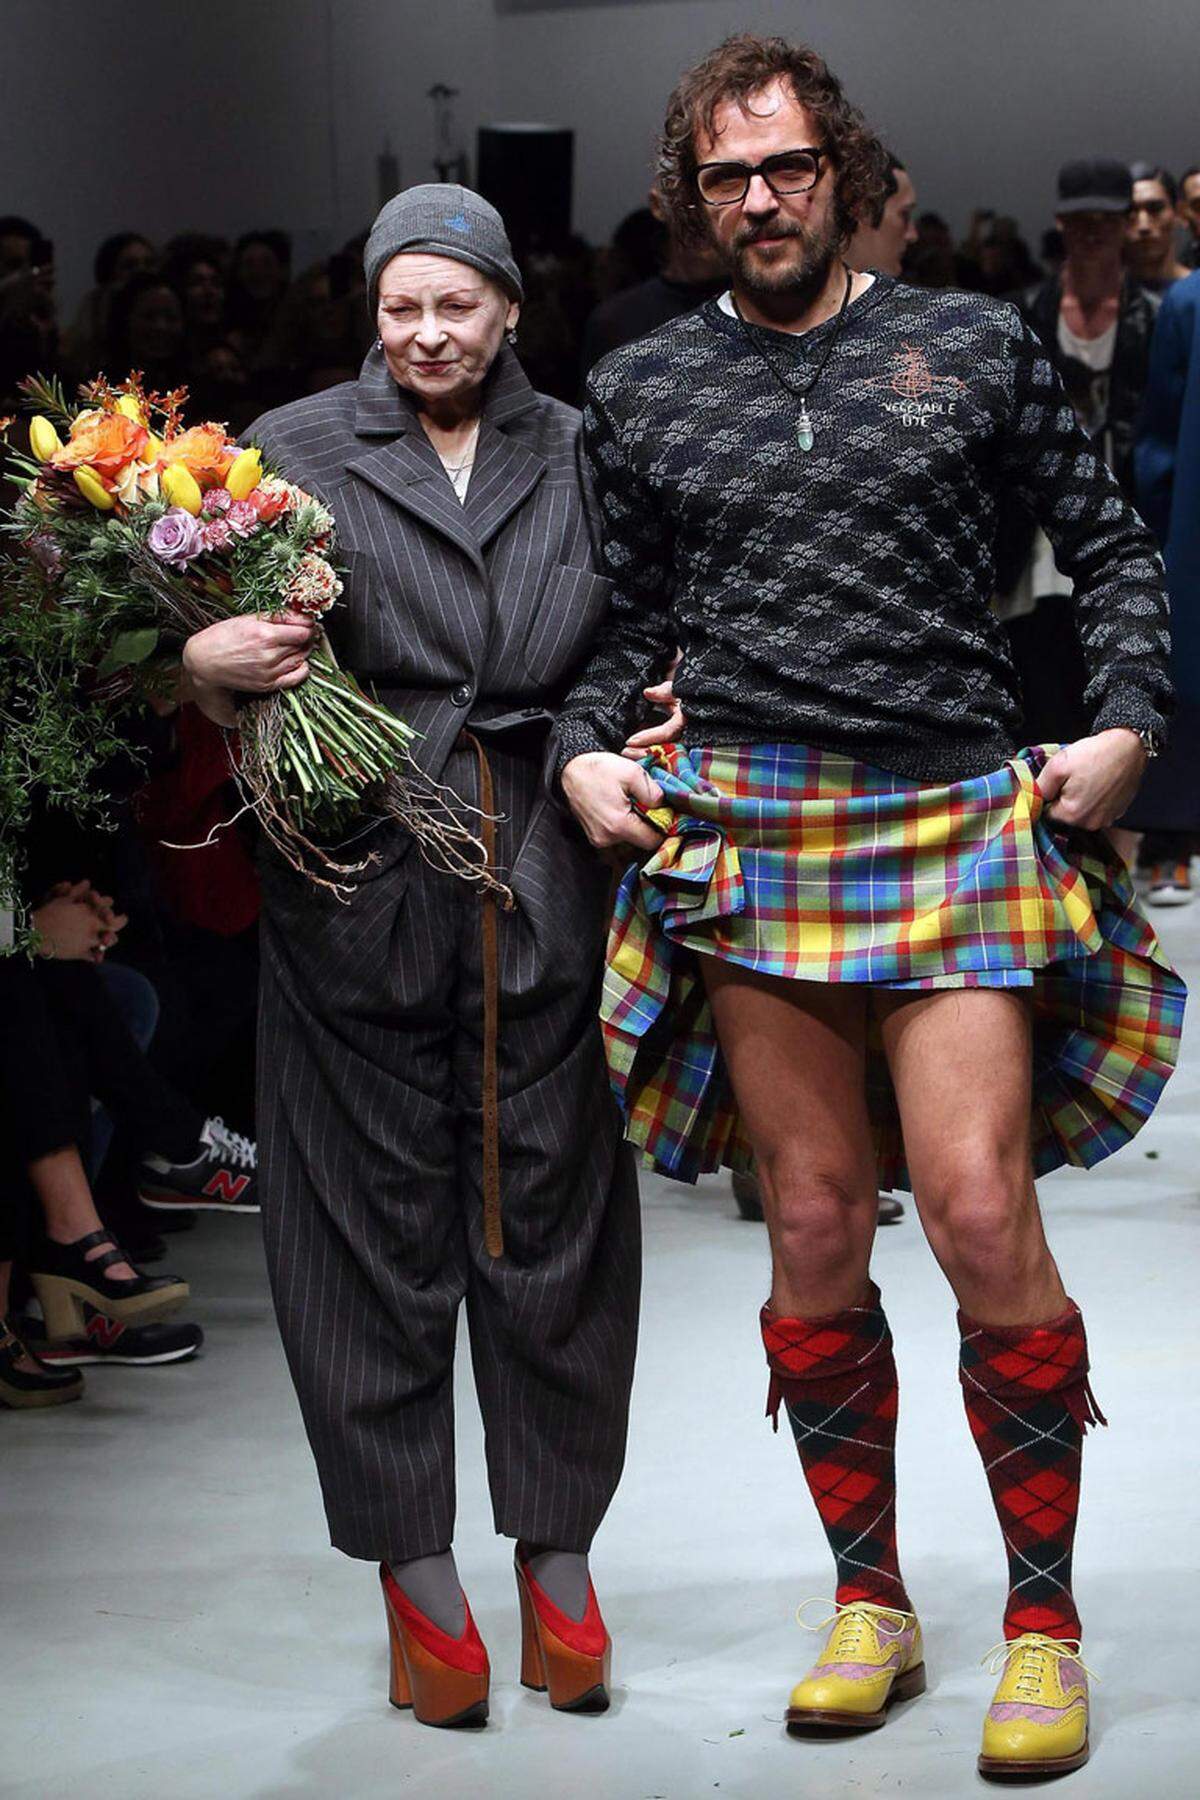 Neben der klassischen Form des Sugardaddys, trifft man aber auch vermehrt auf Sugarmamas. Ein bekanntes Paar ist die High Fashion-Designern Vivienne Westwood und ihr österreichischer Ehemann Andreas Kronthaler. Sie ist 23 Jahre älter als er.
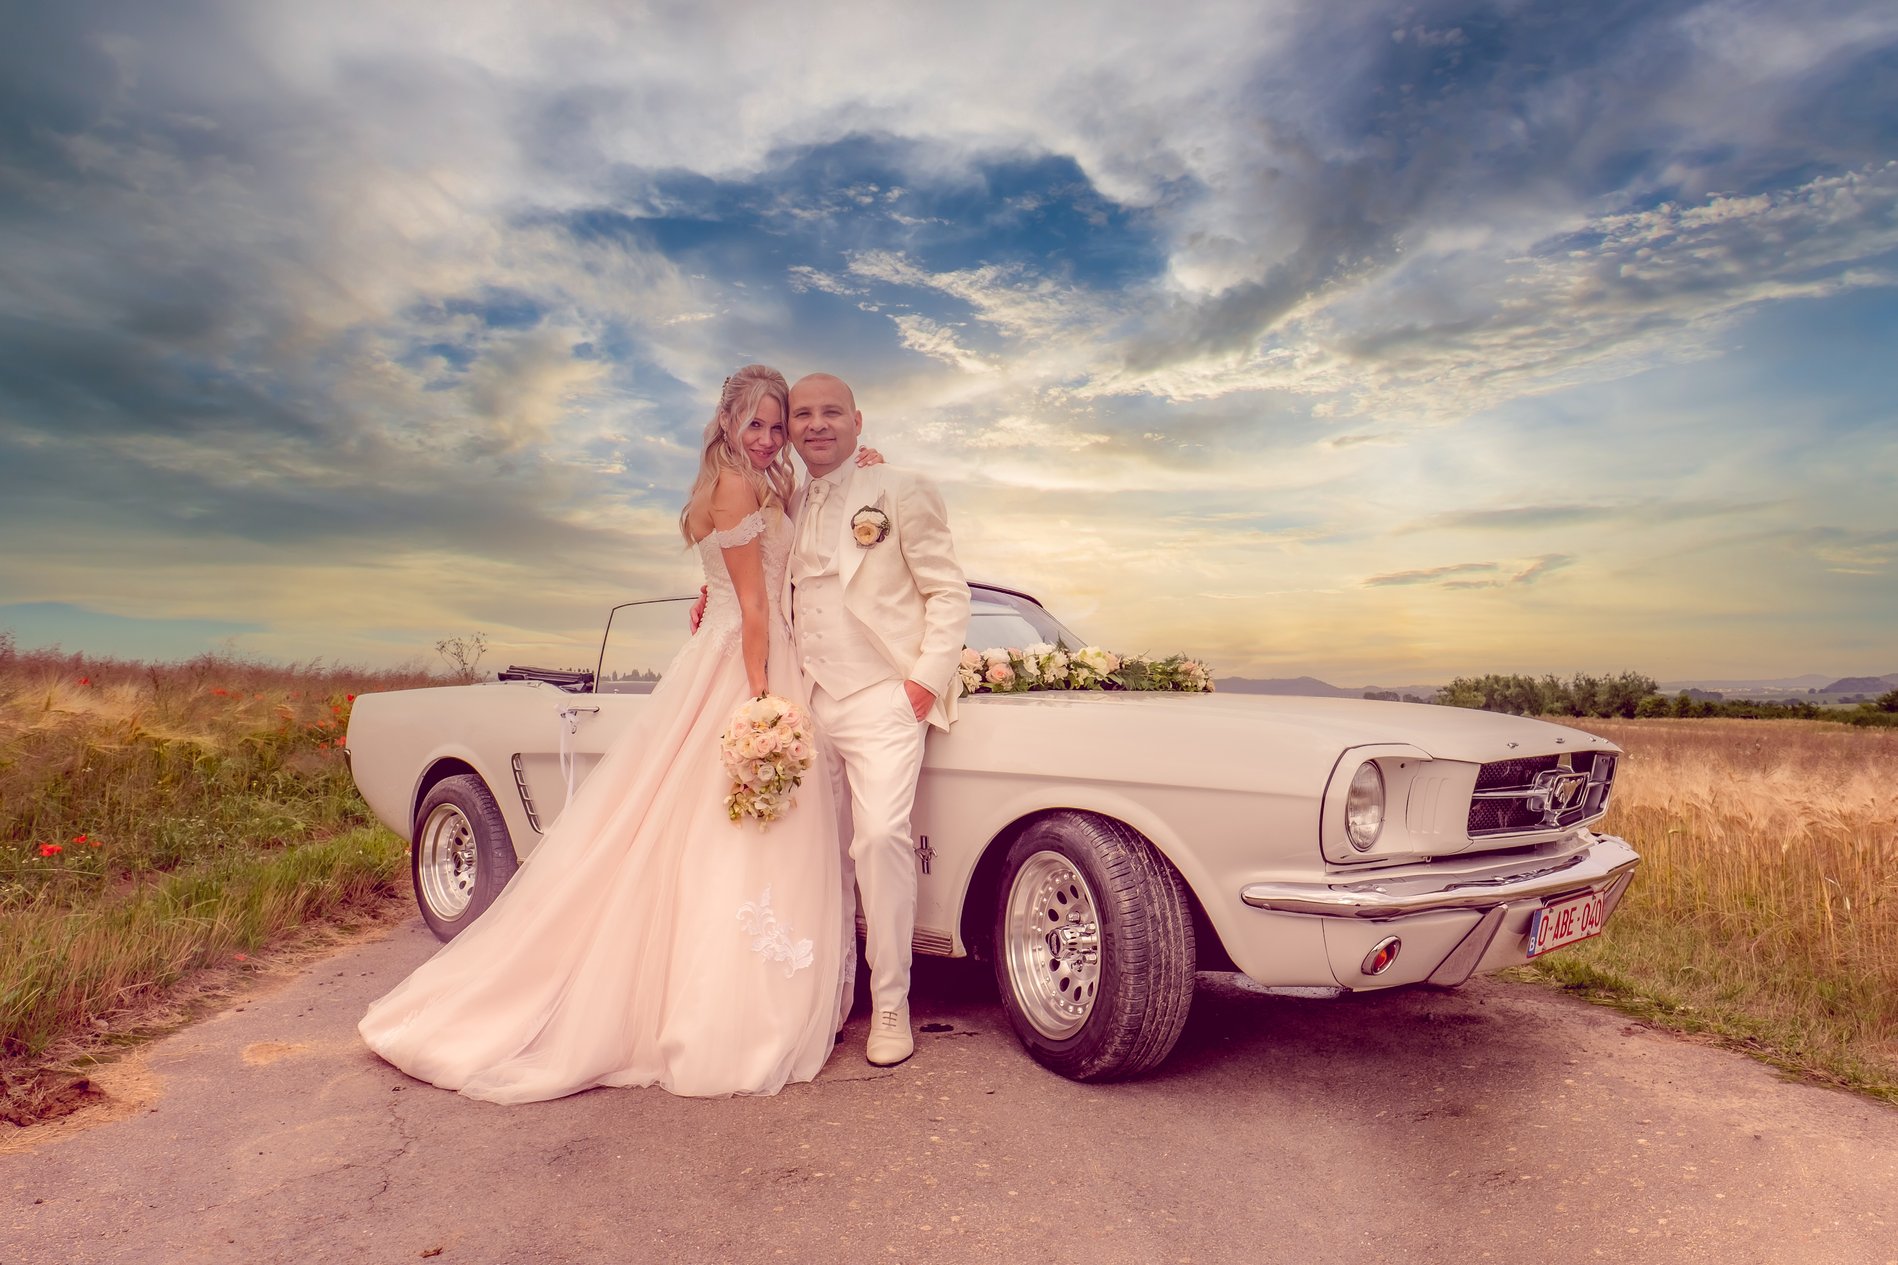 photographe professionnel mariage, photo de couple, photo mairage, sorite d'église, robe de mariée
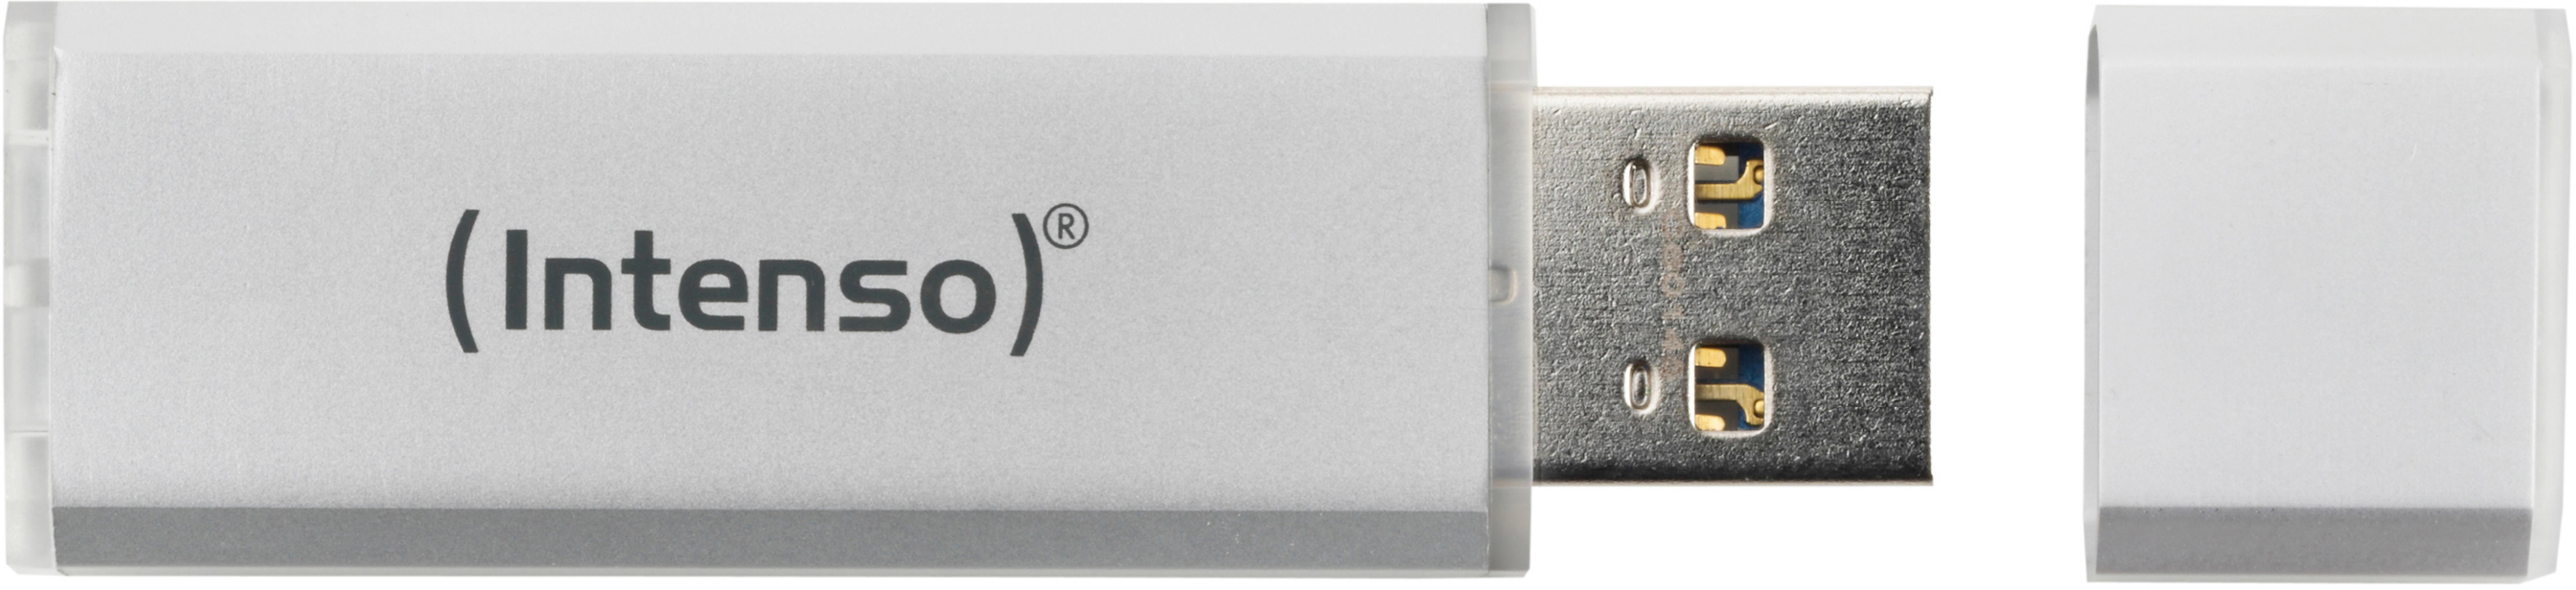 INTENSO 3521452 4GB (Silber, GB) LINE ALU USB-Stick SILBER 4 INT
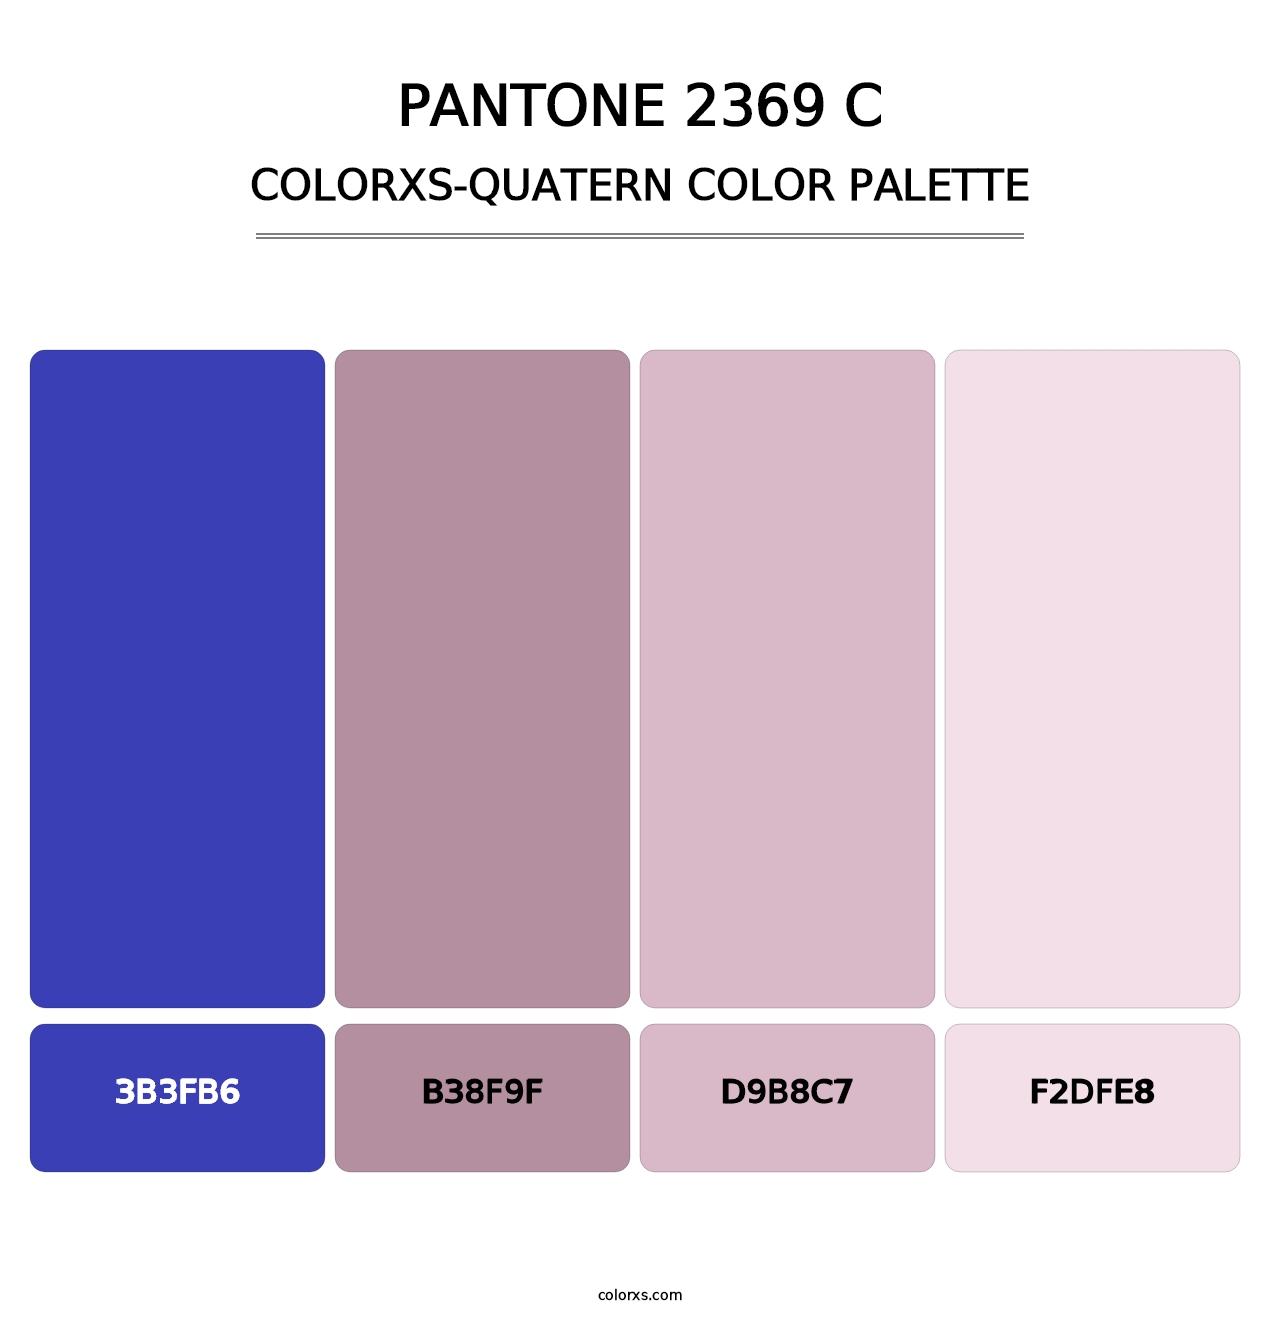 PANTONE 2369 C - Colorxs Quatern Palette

→ **Requirement**
All that is wanted is each line, word for word, from the first line of the data to the one holding "photographe professionnel mariage, photo", with the pictures left out.

→ **Expected output**
 Neben der klassischen Form des Sugardaddys, trifft man aber auch vermehrt auf Sugarmamas. Ein bekanntes Paar ist die High Fashion-Designern Vivienne Westwood und ihr österreichischer Ehemann Andreas Kronthaler. Sie ist 23 Jahre älter als er.
 photographe professionnel mariage, photo de couple, photo mairage, sorite d'église, robe de mariée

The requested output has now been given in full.